I would not give an easement, they cannot be reversed. EVER unless they agree to it. You might sell them an easement.


----------



## franknbeans (Jun 7, 2007)

This IS a new owner. That is why it has to be done now. Old owner was constantly reminded it was ours, and I parked there and blocked him from time to time, when he got too comfortable.

I am not crazy about the easement idea, but, DH is a real estate developer and knows much more than I about these things. I would like it to be for THIS owner only, and it will be restricted to access only and stipulated that they may never pave it. We will get a lawyer if we feel we need one. DH does this kind of stuff all the time, and the new neighbor will be responsible for legal fees to do the paperwork to our satisfaction. Personally, I would rather lease it year to year. Then if they start to rent-I can choose not to lease it. DH says I cannot do that…..we may come to blows over this one.

Yes, I am a firm believer that whoever drew these lakefront property lines was on some type of hallucinogens.


----------



## churumbeque (Dec 20, 2009)

Real estate developers should know more than most and be using a lawyer. He also should have taken care of this years ago.
Good luck with this one.


----------



## Surprise 623 (Jun 17, 2010)

It doesn't matter if it's a new owner ... If enough time has passed and new owner was told he had use of a certain area when hè bought it.. He may well have rights


----------



## Surprise 623 (Jun 17, 2010)

Not saying it's fair just look into adverse possession laws


----------



## Saddlebag (Jan 17, 2011)

The seller has likely told the new owners anything he thought they wanted to hear to sell the property. When I bo't mine, between the lawyer and realty company there wasn't a stone left unturned. What they learned was nothing at all like what the seller had told me.


----------



## franknbeans (Jun 7, 2007)

Being that the seller is scum, and known as a slumlord, I am quite sure he said whatever is necessary to sell this place. Burden of proof is on the new owner. Period. Until they can prove to us they have rights-they will not. We will meet with them, tell them the expectations, and if they do not agree-the driveway will be blocked. Simple as that. I will park on my own land, just as I have off and on (yes, even when old owner was there) for 30 years. They don't like it-sue me.

And we have not even gotten to the waterfront issue……we will be moving the bottom portion of our fence 2 feet so that it will be on our line. Again-correcting an issue that has been for 30 yrs. 

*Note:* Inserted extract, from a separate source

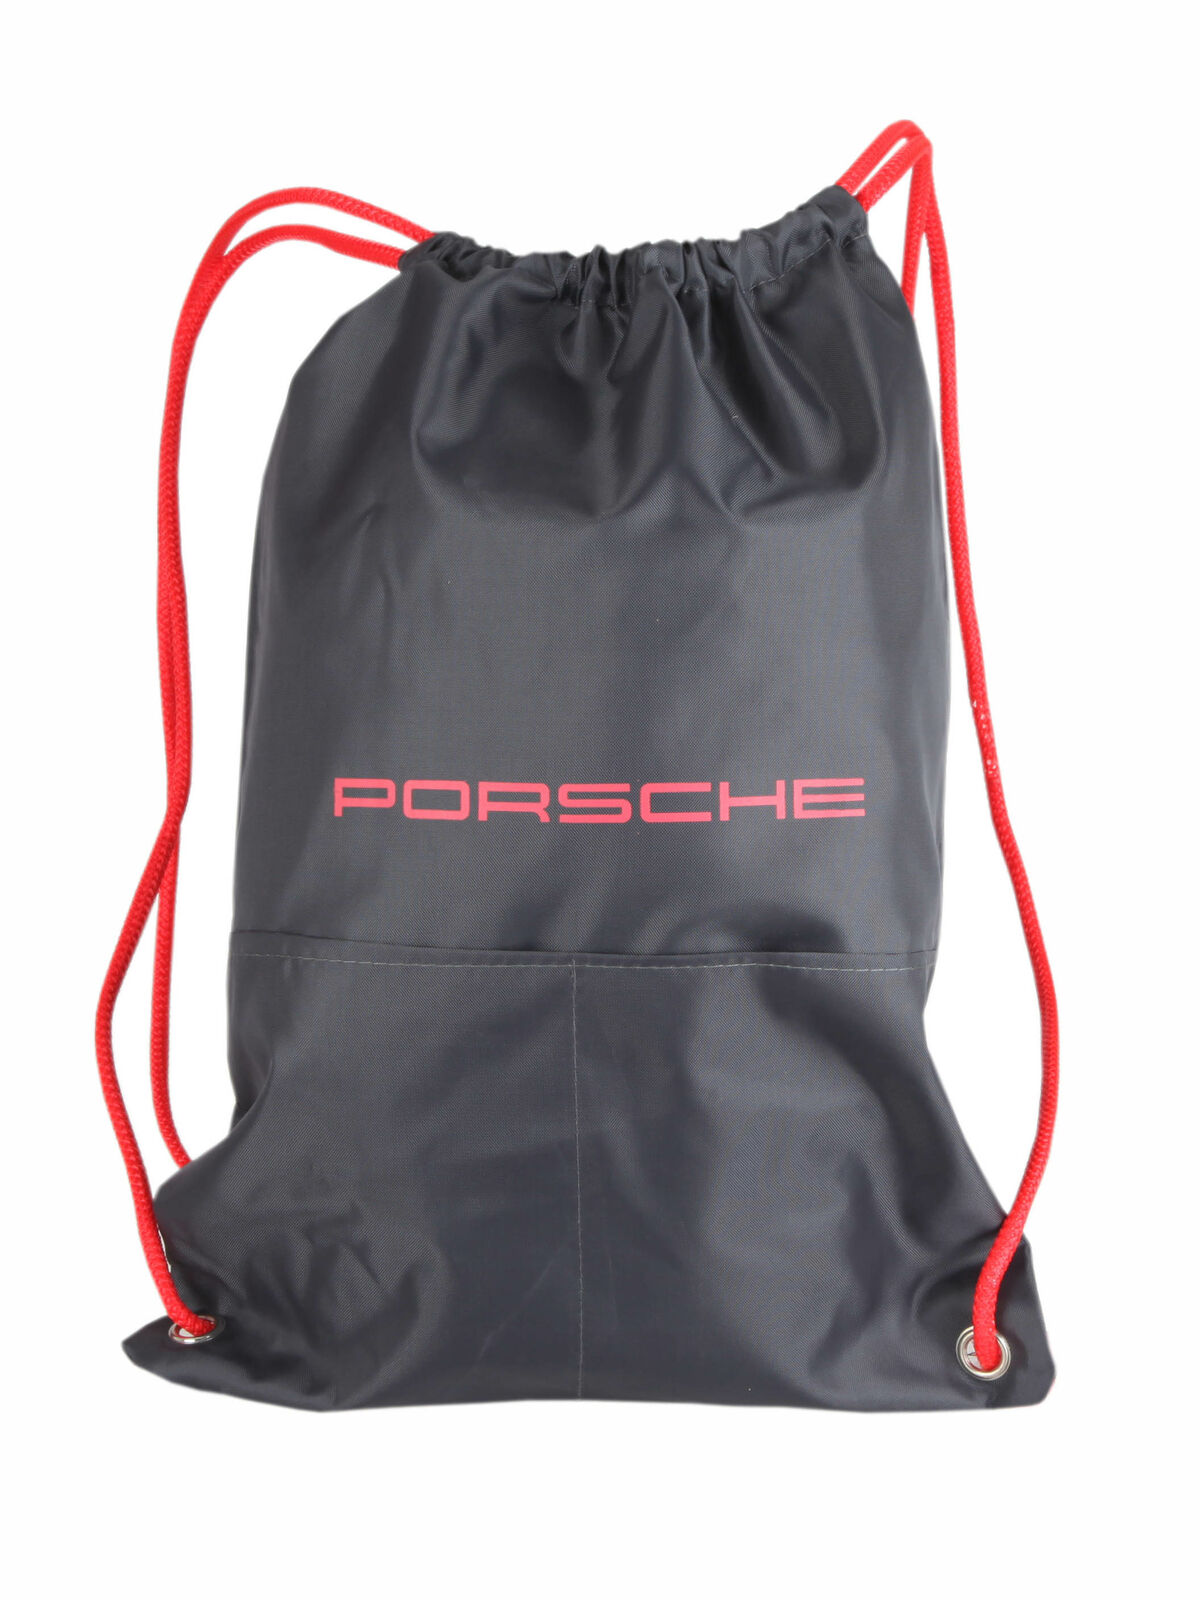 Porsche Driver's Selection Bag Pouch Bag Toiletry Bag Shoe B
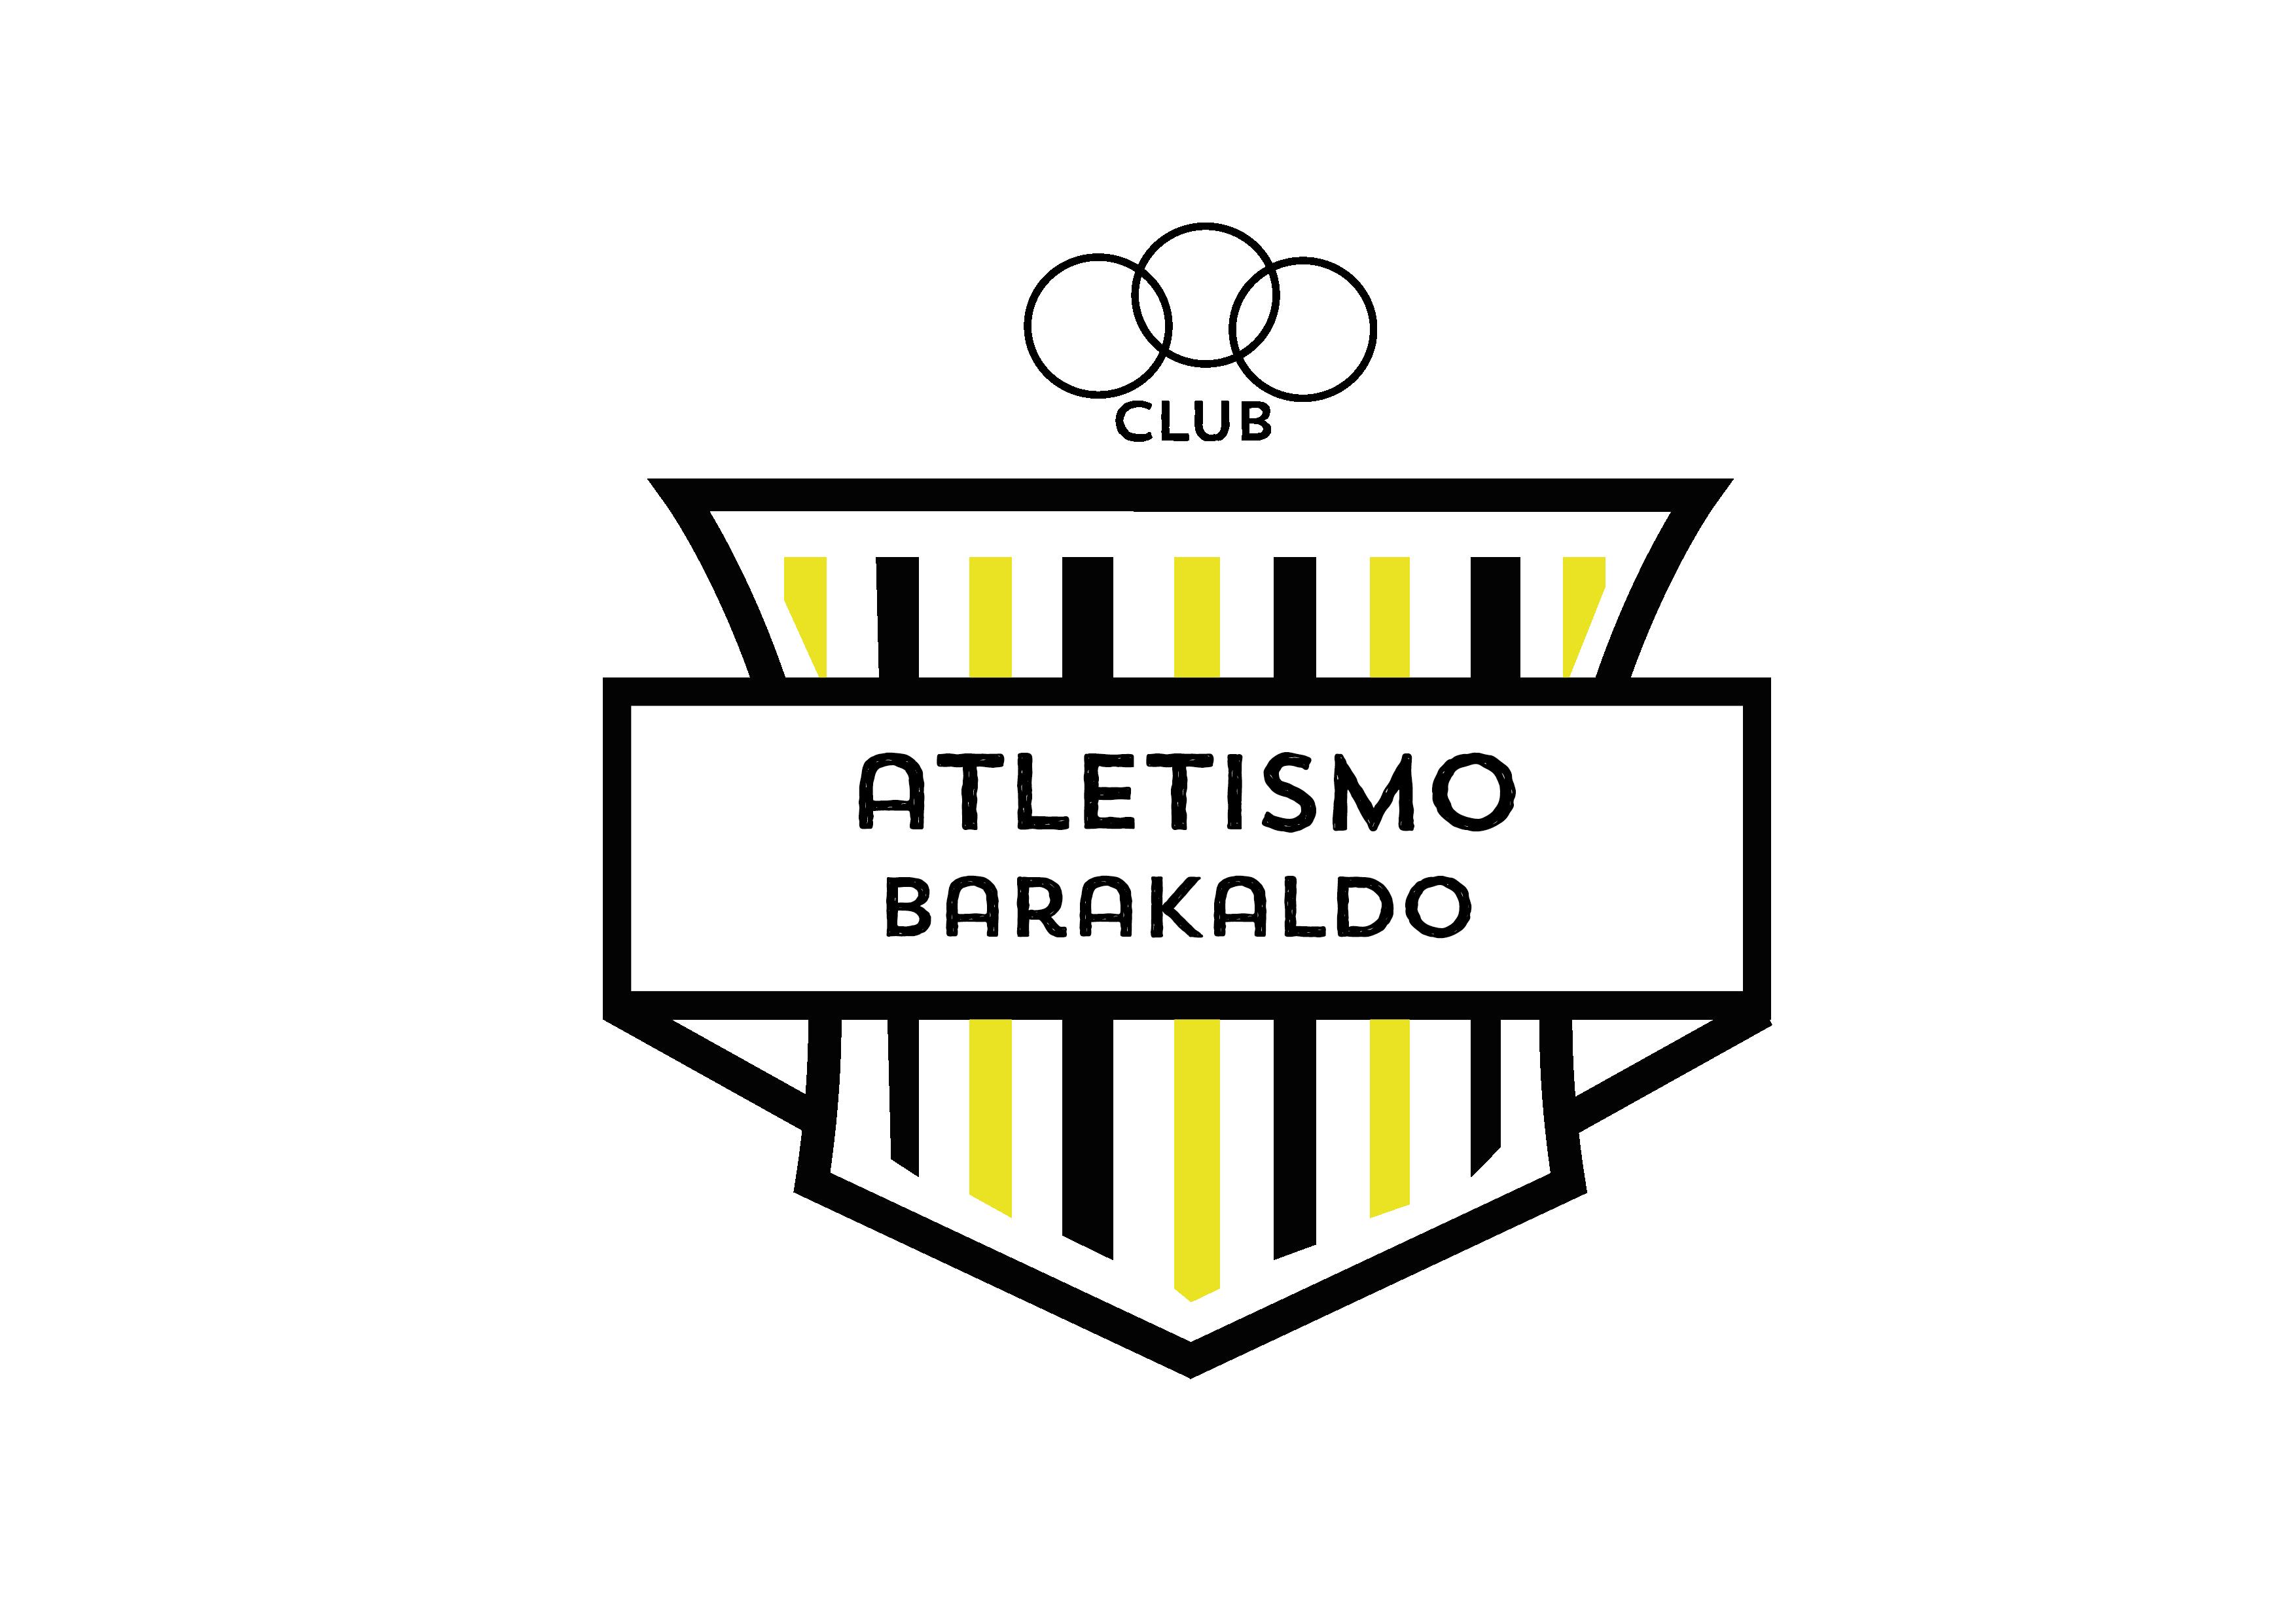 Club Atletismo Barakaldo en Durango para pruebas escolares

We are sending the new folks copies of the letters we sent long before settlement to the previous owners, their lawyer and agent making them all aware of the issues. Neighbor on the other side did the same thing, as a fence is 2 feet over onto their property. We all made everyone we could aware that the property disclosure statement as written and signed by the previous owner was not correct. He is the one who will be on the line, I think (and hope). I would also think the agent would share responsibility for not disclosing.


----------



## Missy May (Feb 18, 2012)

Well, I would definitely have a lawyer review any documents that you prepare b/c they _can_ sue you - and any document will then become game for their suit as well as your defense. One can sue anyone for anything in the US. However, making a statement such as "correcting an issue that has been for 30 yrs" can easily _not_ work in your favor. If there is no other means to access the property, the law itself offers them a legal basis to sue, known as easement by necessity. Even if they can take action to create another "path" to their property, it will not prevent them from filing a complaint, and regardless of the outcome - you will still have to waste your time and money in civil court.

adding...IMHO, and with what you have said so far, you and your neighbor could avoid all kinds of unpleasantness by preparing a document that clearly states that you are giving them _permission _to utilize the easement, and have everyone sign it and file it with both your and their county property records. JMO.


----------



## franknbeans (Jun 7, 2007)

Missy-THEY are paying a lawyer to prepare any easement documents, and will pay us for the right to do so. I refuse to pay a penny for this. We will be meeting with them re:the terms of the easement, ie-it can never be paved……If it were purely up to me it would be some sort of land lease year to year, as I want some control. DH says I cannot do that…..so, rather than fight with him, we will do it his way.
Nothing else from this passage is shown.